*** Block opens ***

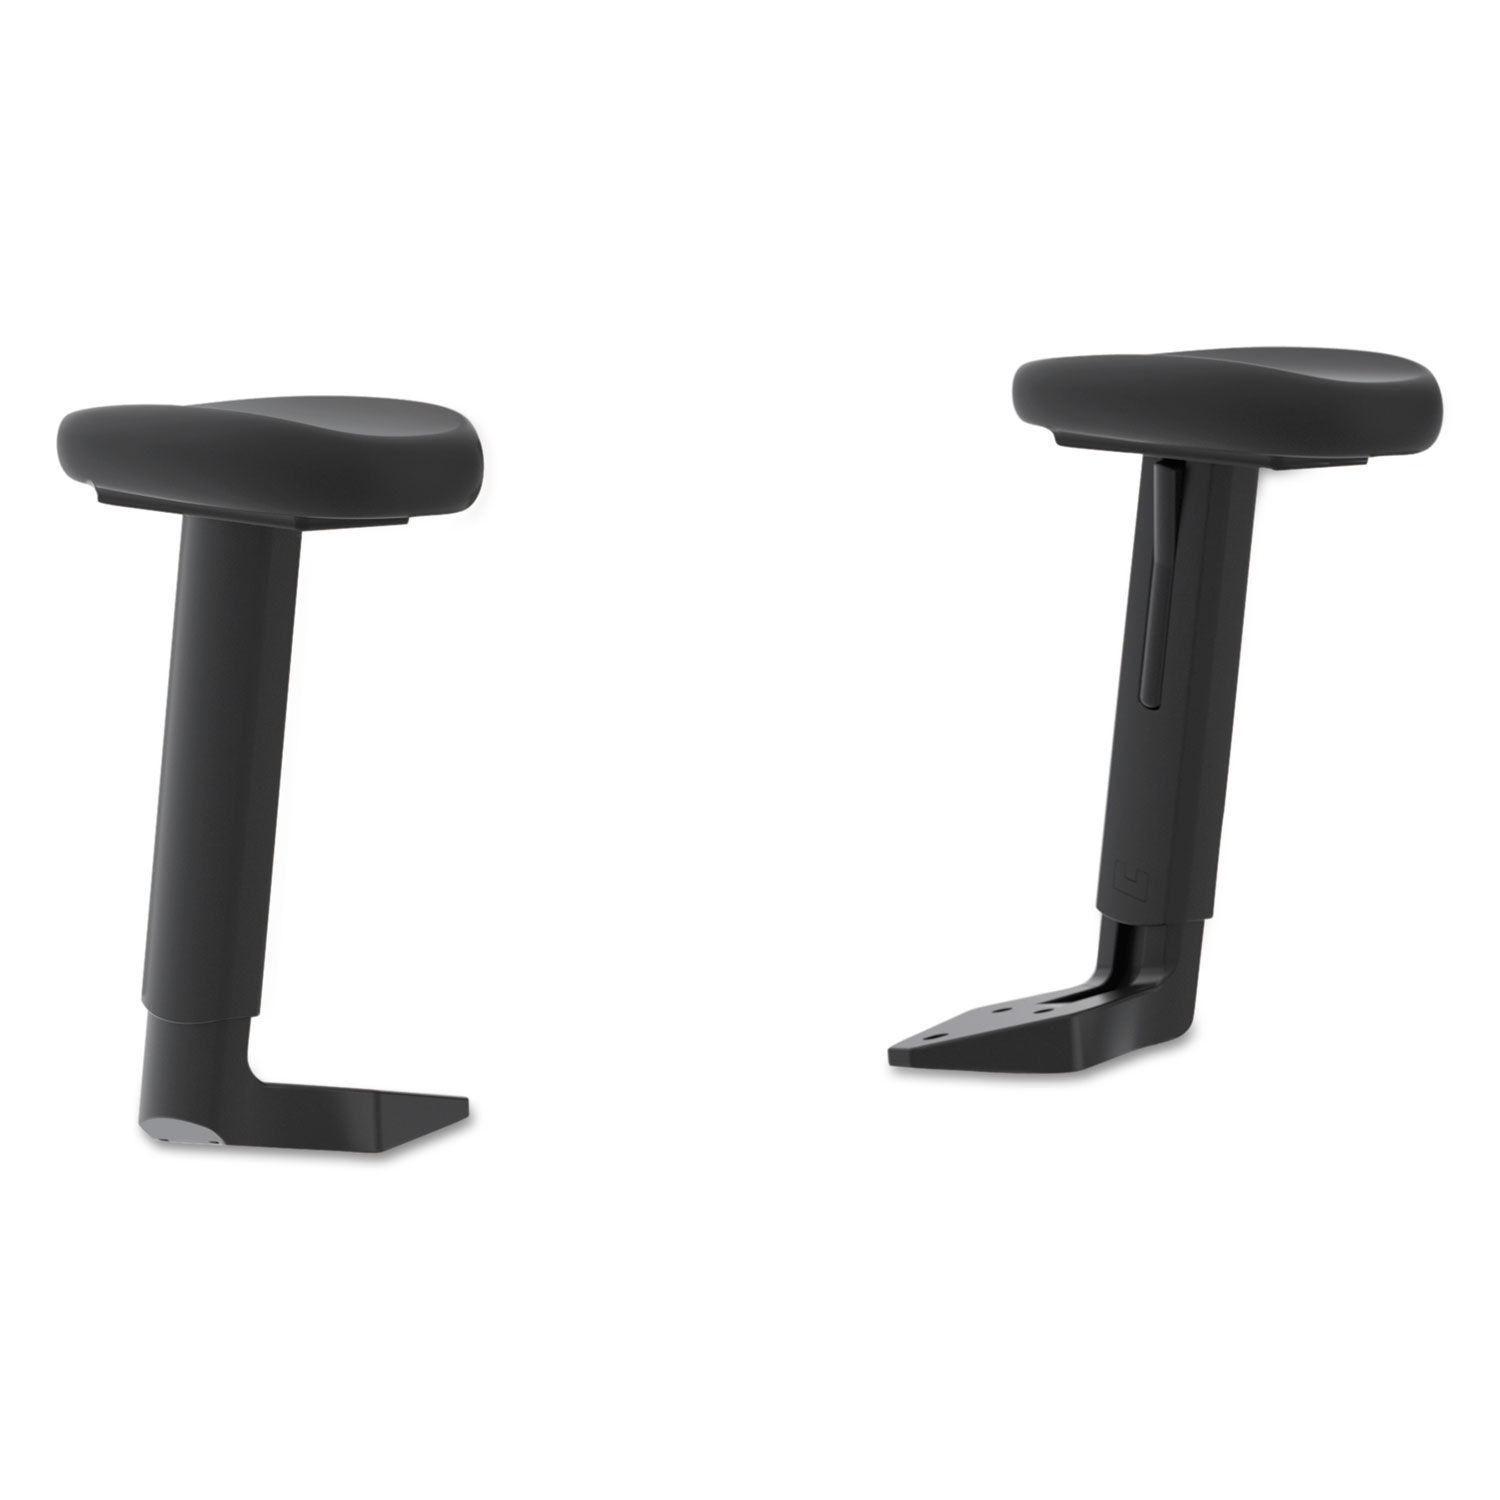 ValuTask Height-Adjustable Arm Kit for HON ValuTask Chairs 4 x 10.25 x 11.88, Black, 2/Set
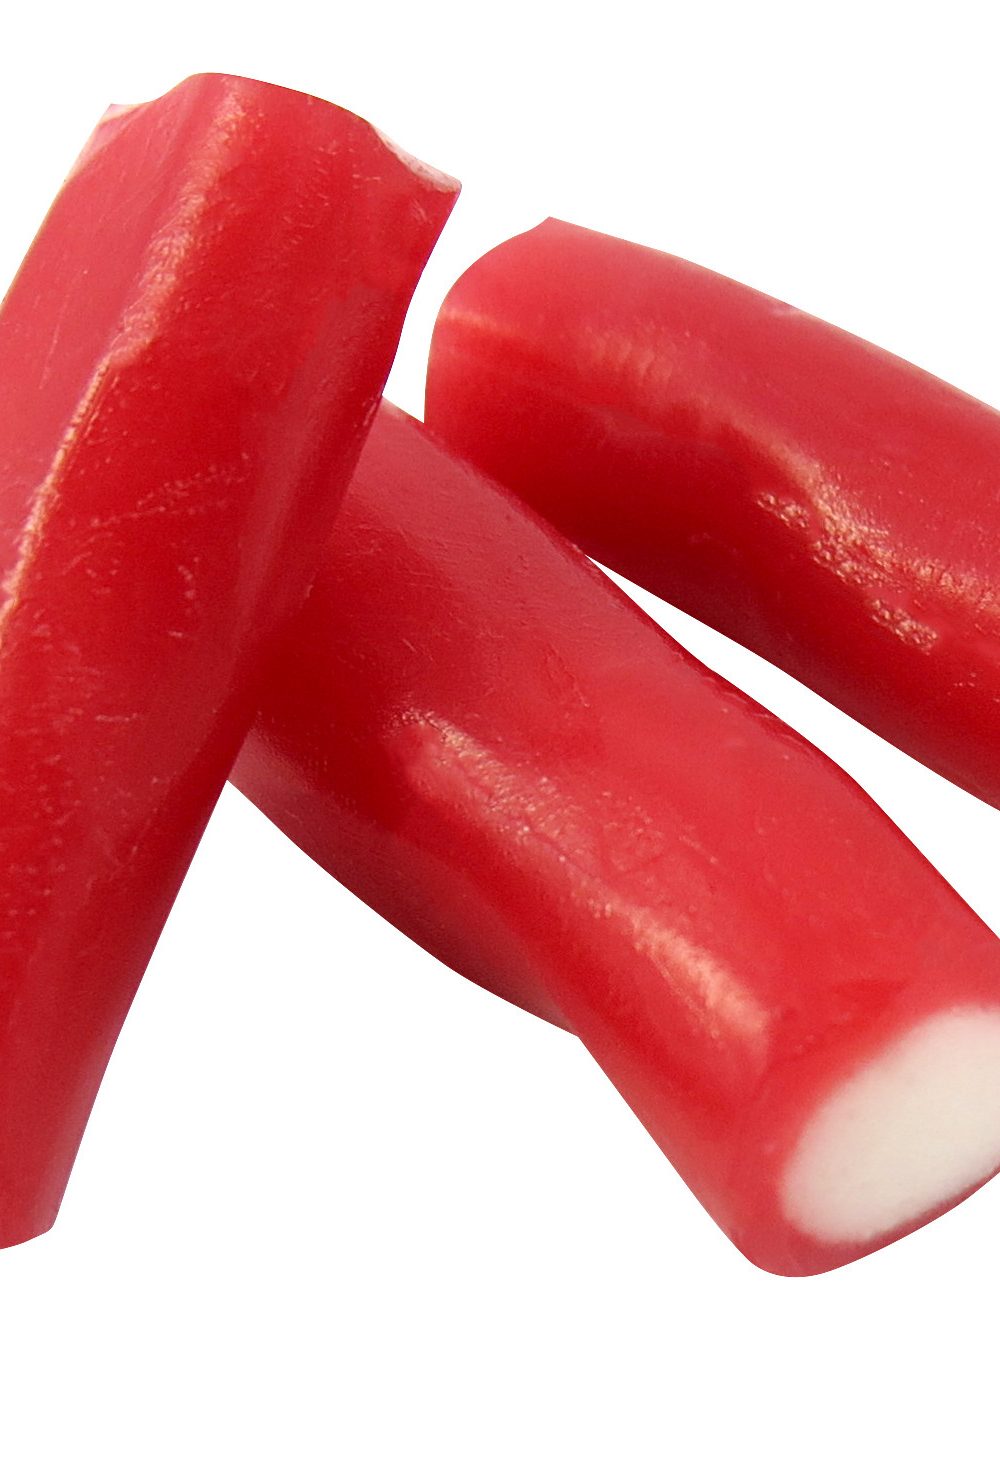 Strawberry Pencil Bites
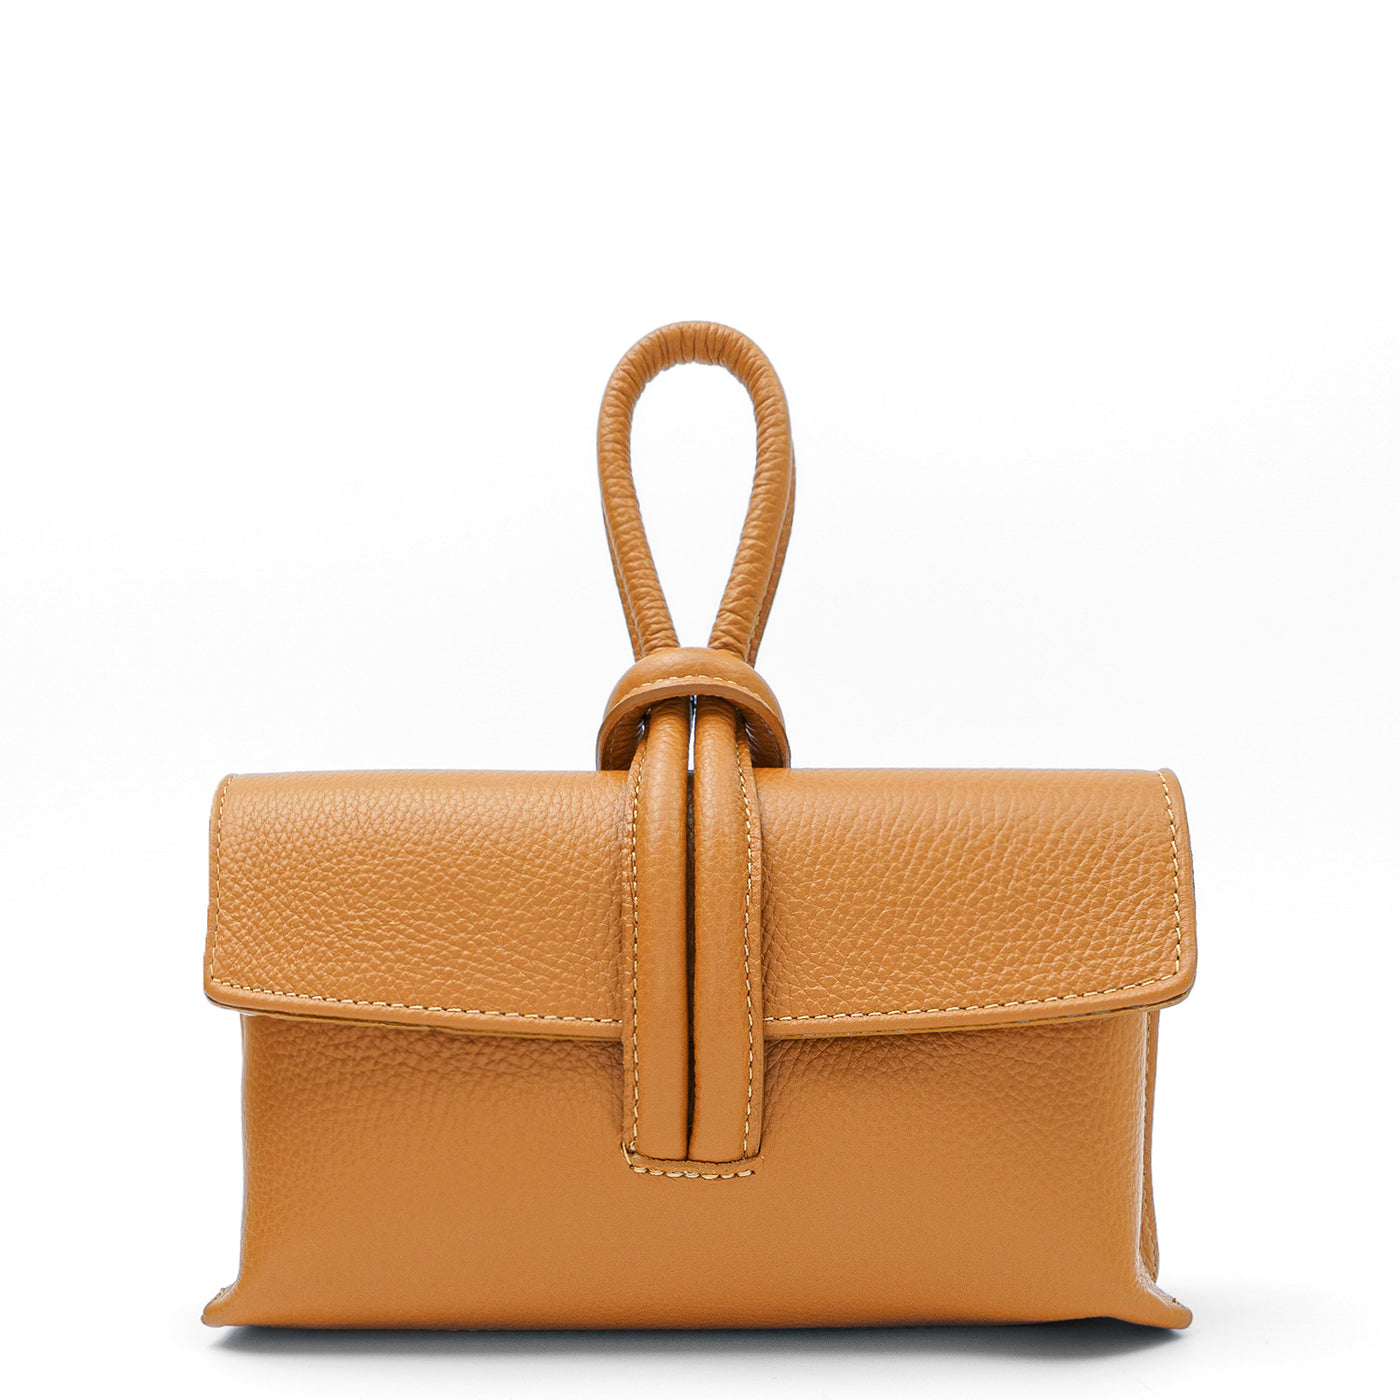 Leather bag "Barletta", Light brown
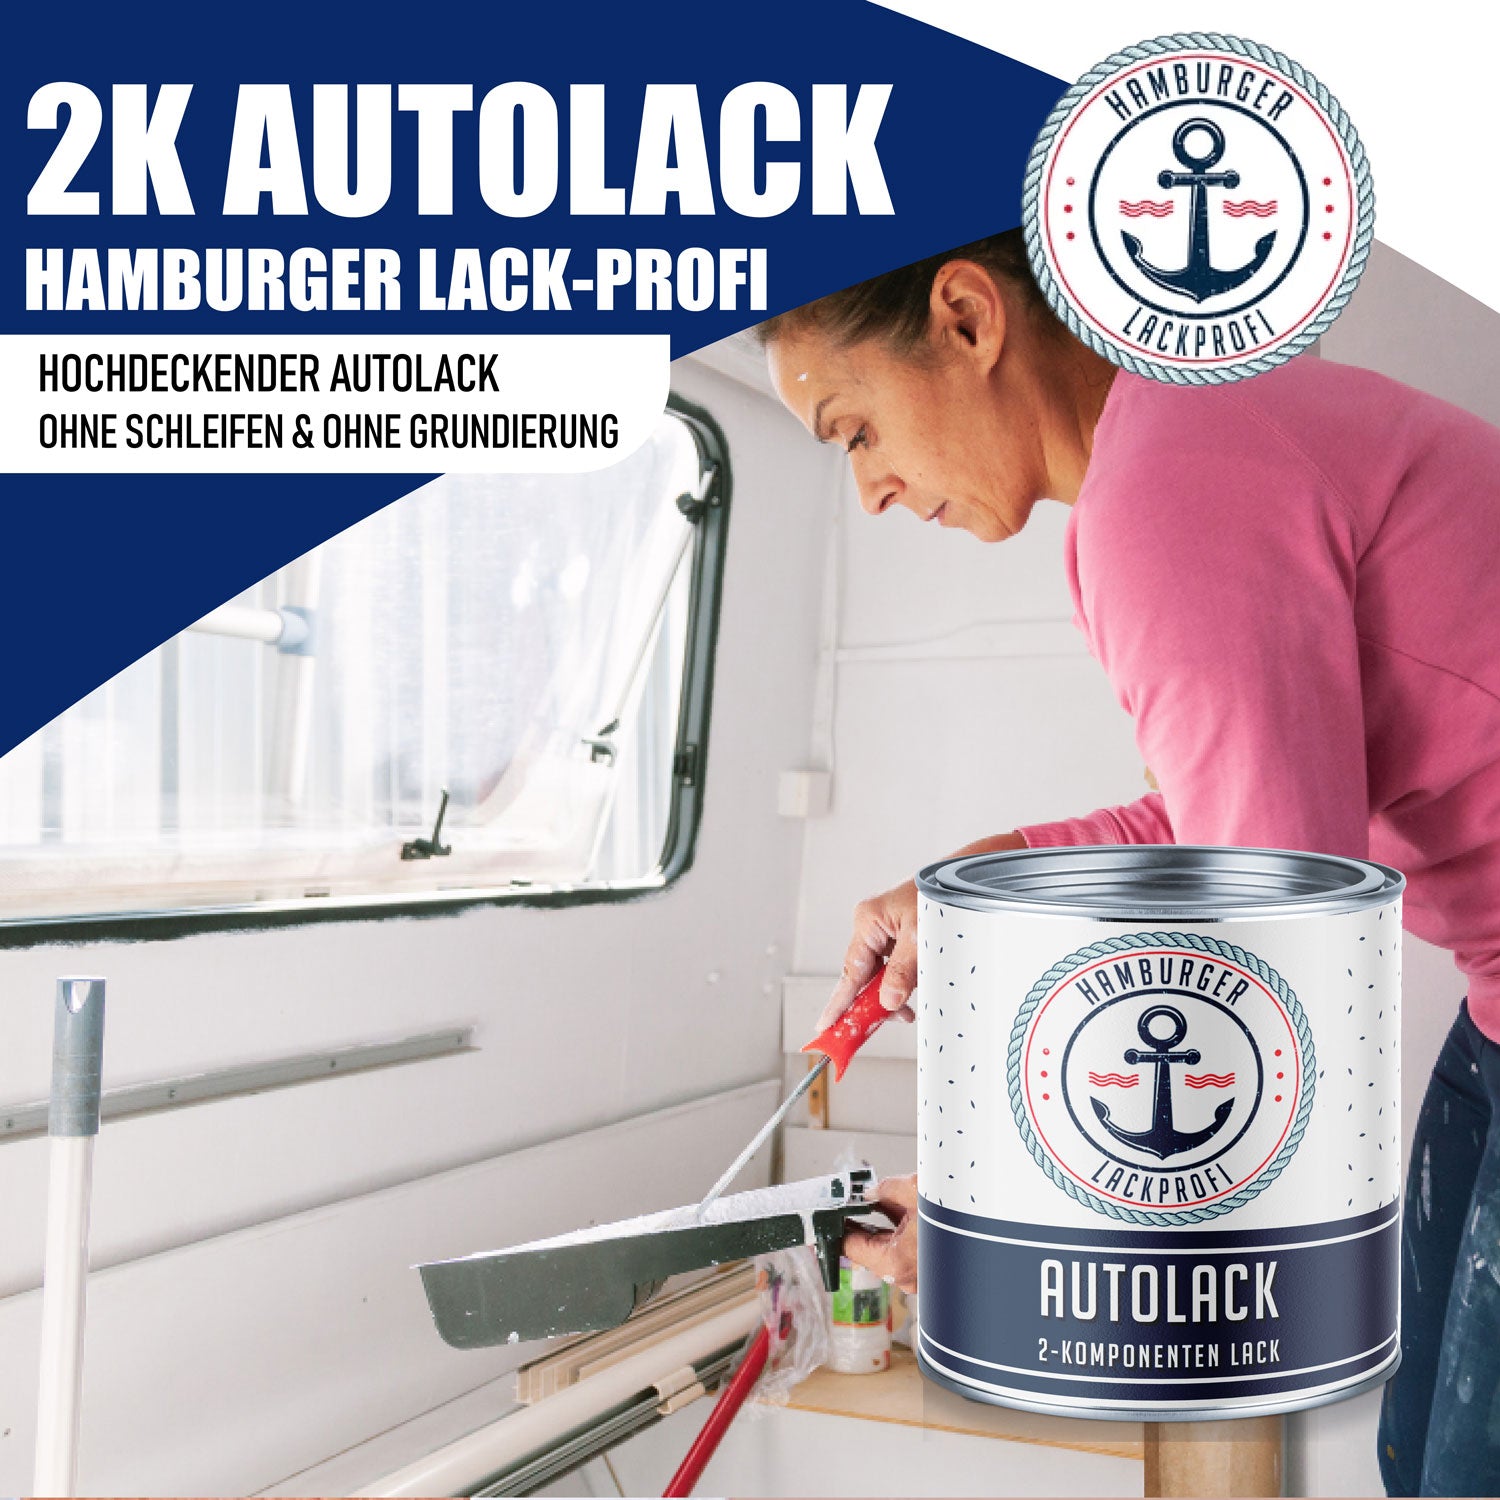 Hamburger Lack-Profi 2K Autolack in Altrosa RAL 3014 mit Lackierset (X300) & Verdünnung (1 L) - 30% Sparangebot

*** Block closes ***

_Problem to work on:_
Give back the material word for word, leaving out its pictures.

_Task answer:_
 ValuTask Height-Adjustable Arm Kit for HON ValuTask Chairs 4 x 10.25 x 11.88, Black, 2/Set
 Strawberry Pencil Bites
 Leather bag "Barletta", Light brown
 Hamburger Lack-Profi 2K Autolack in Altrosa RAL 3014 mit Lackierset (X300) & Verdünnung (1 L) - 30% Sparangebot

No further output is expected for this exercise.